Dooling, 32, signed the deal to make everybody happy. But his behavior became erratic, his cognition faltered. A public incident in front of his home, where a neighbor believed he was playing too roughly with his own children, led to a visit from the police.
“And when the cops came to my house, it just set me over the edge,” Dooling said. “But that’s all I can remember.”
His next lucid moment — this was after the medication wore off — was at a psychiatric hospital in South Florida. And it was there that Keyon was told by his wife, Natosha, that it was time to explain how this finest of men — a pro’s pro for 12 NBA seasons (two with the Nets), a deeply spiritual family man, and a superb father — could be dragged out of their house in handcuffs in front of their four children.
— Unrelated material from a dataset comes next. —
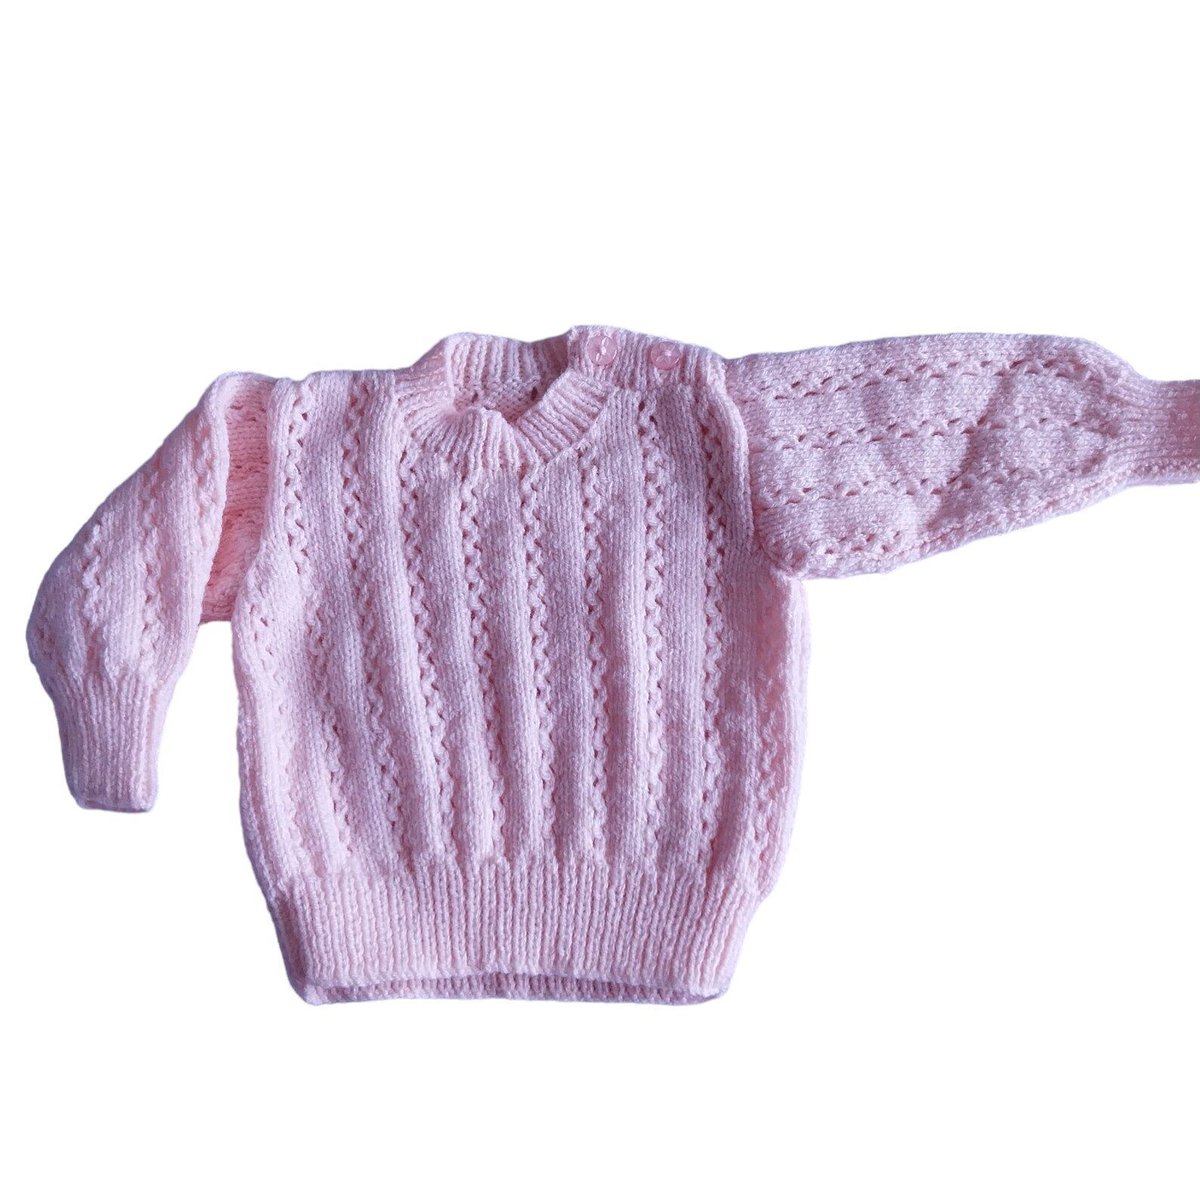 Discover the charm of hand knitted baby clothes with this adorable pale pink jumper. Designed to fit a 20-inch chest. Shop now on #Etsy. #Handmade #Knitwear knittingtopia.etsy.com/listing/168093… #knittingtopia #craftbizparty #MHHSBD #britishcraft #shopindy

“We’ve known each other since we were 15,” Natosha told her husband. “And you’ve never hidden anything from me before. I need to know now how we got to this point.”
“So,” Keyon said, “I told her what I had kept hidden since I was 5 years old.”
It was at that age that Dooling was first sexually molested — by a male, teenaged friend of his older brother.
“It happened … many times,” he explained, “and also with young ladies in my neighborhood in Fort Lauderdale. I was so young I didn’t consider that part abuse, because I thought I was just hanging with the in-crowd. But it was something I suppressed all my life.”
If you express shock at the torment he has carried for 27 years — and the post-traumatic stress that triggered the meltdown in August — Dooling responds like this: “But I’m grateful it happened, my man — because now I have to deal with it, and now I know it’s my time to help others deal with it.”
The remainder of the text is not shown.